Тому кругу сотрудников Юрия Владимировича, который привлекался им в помощь для подготовки доклада, а это были П. Лаптев, Е. Карпещенко, я, консультанты В. Шарапов и И. Розанов, заранее объявлялся повод, место и время события. В названный час мы входили в кабинет Юрия Владимировича и рассаживались за длинным полированным столом для заседаний. С нами вместе приходили две замечательные стенографистки, имена которых до сих пор надо держать в секрете, потому что они знают в несколько раз больше государственных тайн из «особых папок», чем самые осведомленные чекисты, секретари ЦК, члены политбюро и генсеки, вместе взятые. Эти молодые дамы могли записывать, стенографировать или синхронно печатать на машинке быстрее, чем у среднего человека проворачивались в голове мысли. Они опережали любого начинавшего говорить, и, когда оратор только начинал фразу, они ее уже дописывали.
Юрий Владимирович выходил из-за своего рабочего стола, держа в руке листок с тезисами, и усаживался на председательское место у длинного стола.

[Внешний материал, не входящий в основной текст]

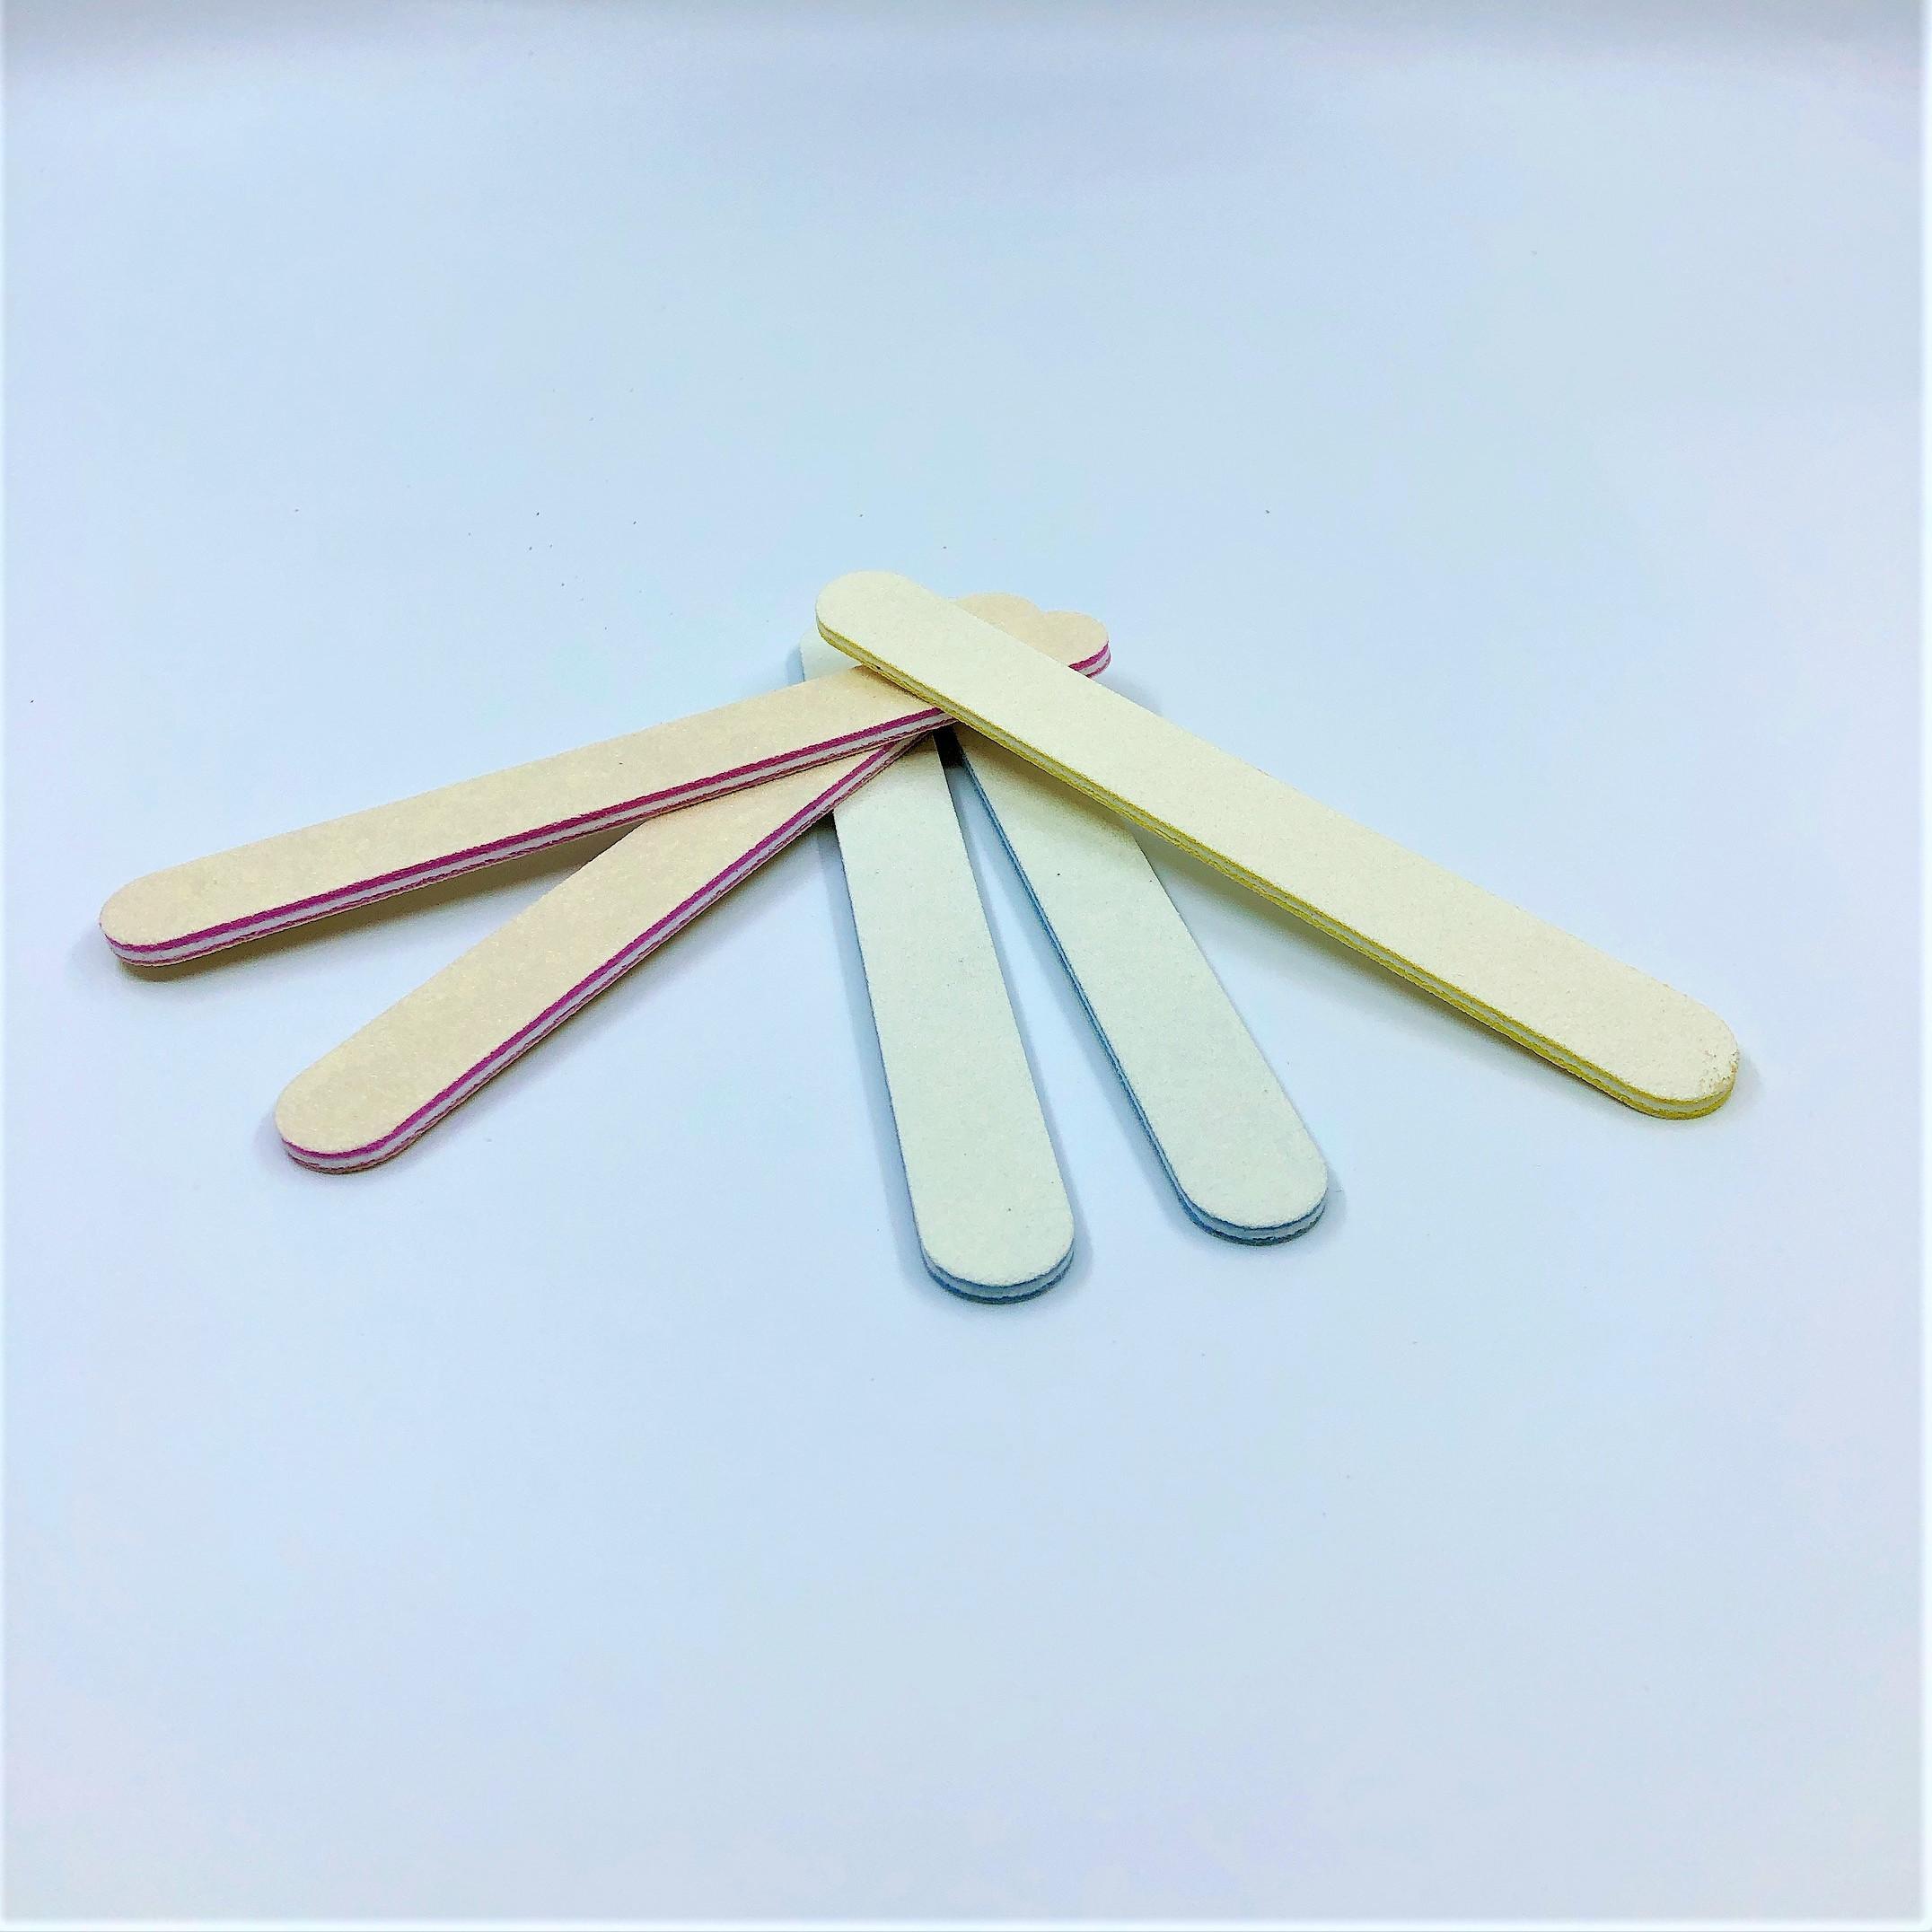 Set 10 cây dũa móng tay mini lót mút êm -  độ nhám 120/120 - Giao màu ngẫu nhiên
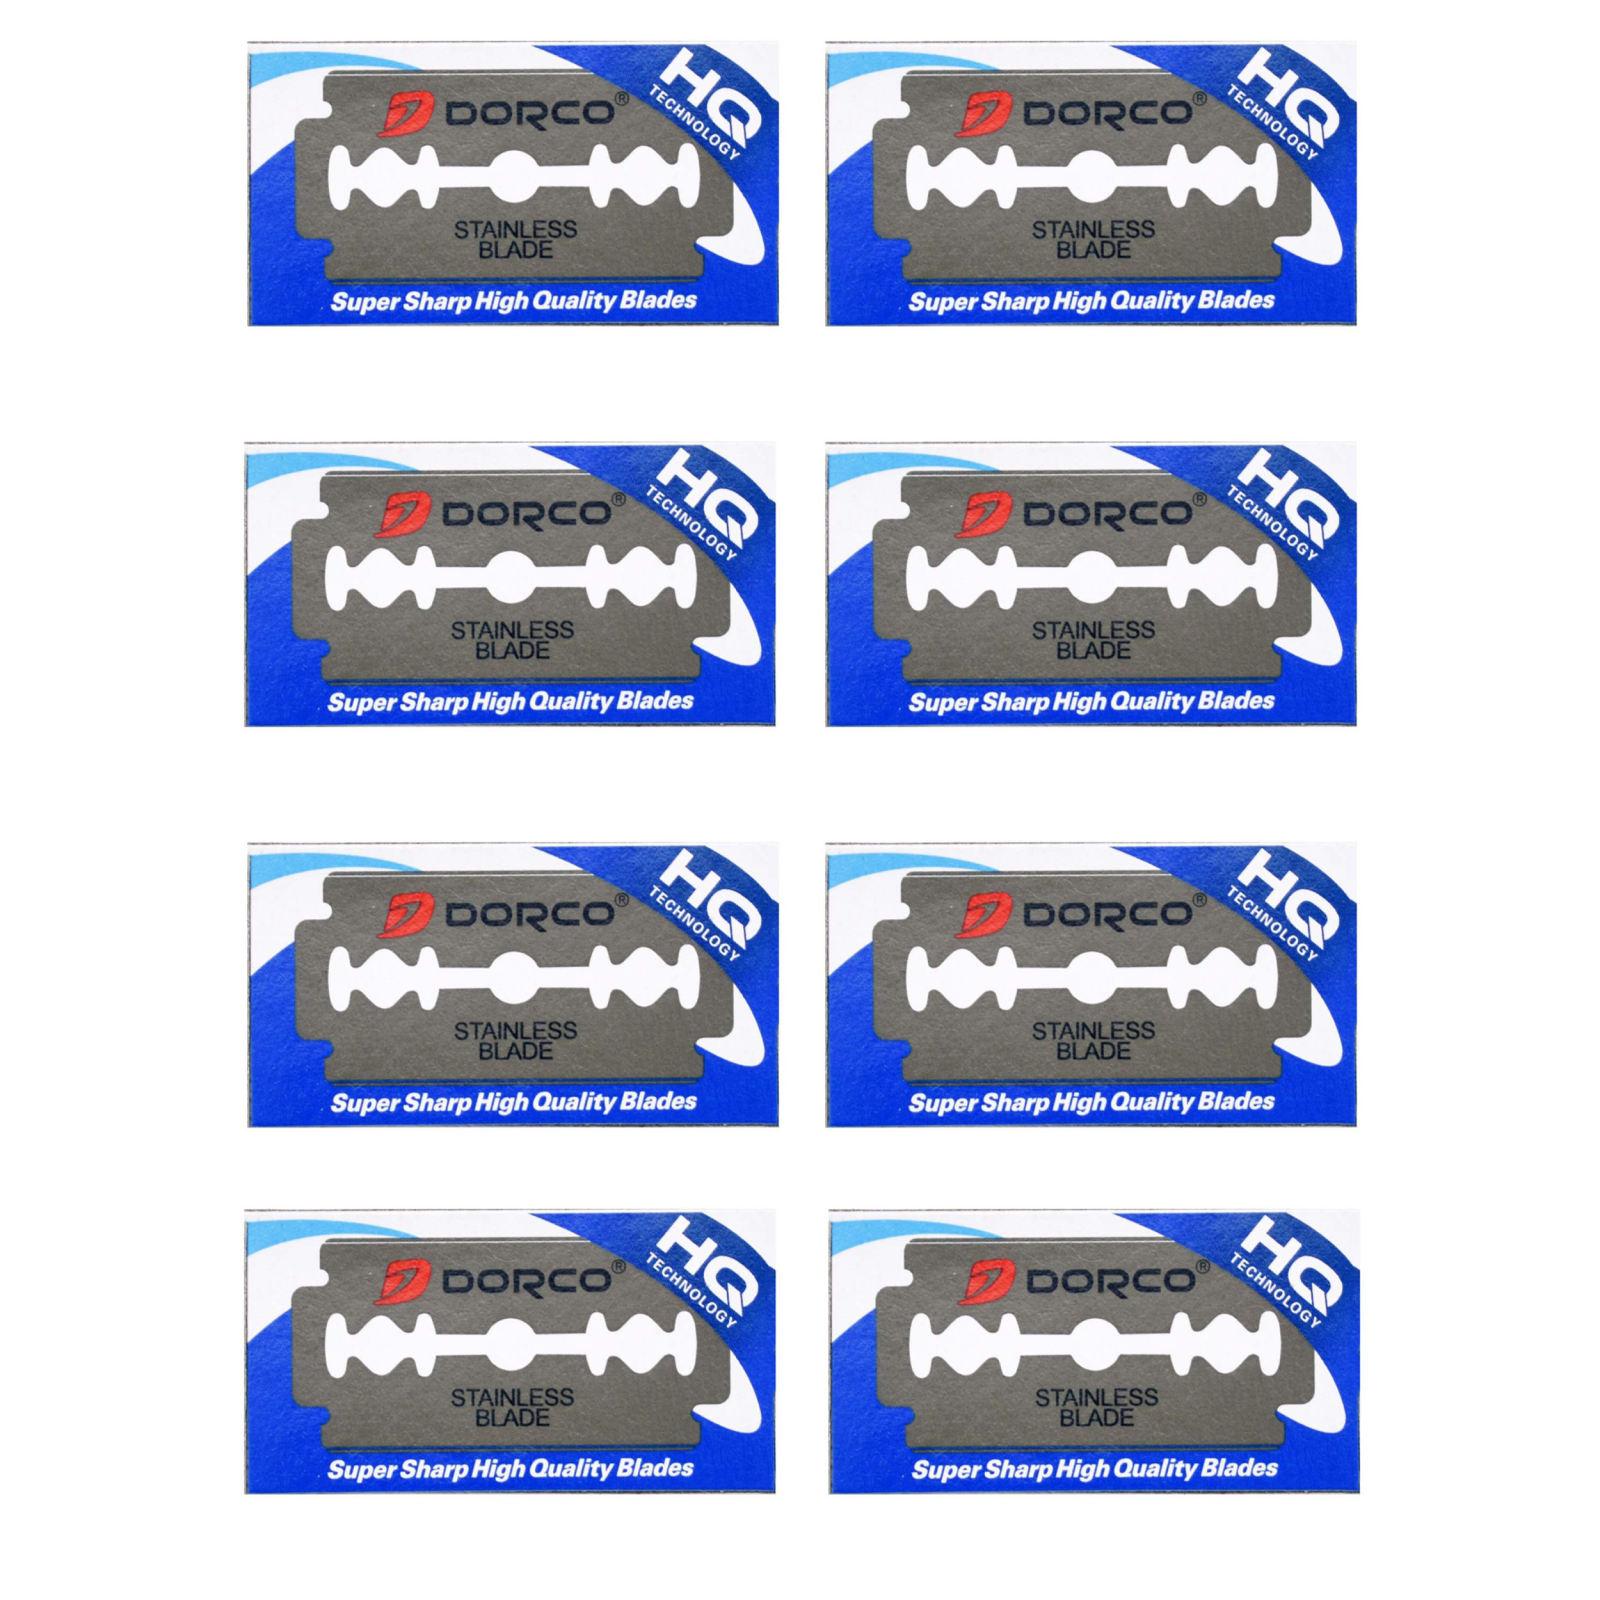 تیغ یدک دورکو مدل HQ-22 مجموعه 8 عددی -  - 2

— Я бы хотел сказать вот что… — начинал он и далее, без передыха или остановок, произносил речь минут на тридцать. Было видно, что он долго думал над ней, прикидывал и так и эдак, а теперь излагал уже нечто выношенное. Закончив говорить, он с минуту как бы прислушивался к сказанному, а потом командовал: — Теперь критикуйте кто во что горазд!
Никто из слушателей не возникал с льстивыми оценками того, как все было хорошо продумано и сбалансировано в первом наброске шефа. Андропов этого терпеть не мог, как мы видели это на заседаниях коллегии. Некоторые выступавшие там после доклада председателя бурно начинали восторгаться и изливать подхалимаж. Юрий Владимирович резко обрывал льстецов и требовал обсуждать вопрос по существу.
Мы старались найти трещинки в его аргументации, слабость логических переходов от раздела к разделу. Что-то всегда находилось. Он говорил тогда стенографисткам: «Обязательно поточнее запишите это!»… А нам: «Продумайте аргументацию еще раз и обсудите друг с другом…»
Затем шеф начинал делить на куски свою речь и предлагать нам их для дальнейшей обработки.
— Ты, Паша, — говорил он Лаптеву, — возьмешь такой-то раздел… Ты, Игорь, поработай над другим разделом… Ты, Женя, посмотри вот эту часть… Ты, Витя, такую-то… Ты, Иван, следующую…
Получалось по пять-шесть страничек текста на брата. Затем Юрий Владимирович определял каждому, по каким темам следует выбрать приличествующие месту цитаты из Ленина, Маркса, Брежнева. Давался и срок исполнения работы — обычно три-четыре дня, назначалась сдача страничек, подготовленных каждым, в секретариат Лаптеву для передачи «частей для сборки» будущему автору выступления. При этом Юрий Владимирович многократно подчеркивал, что надо обязательно весомо употреблять такие ключевые слова, как «партия», «большевизм», «большевики» и «чекисты». Сотрудников КГБ в своих официальных выступлениях и служебных документах, записках и прочих деловых бумагах он не называл иначе, как громким словом «чекисты», приобретавшим в его устах значение высшей добродетели. Больше всего он любил слово «большевики», которое, видимо, в наибольшей степени отвечало его воззрениям и характеру.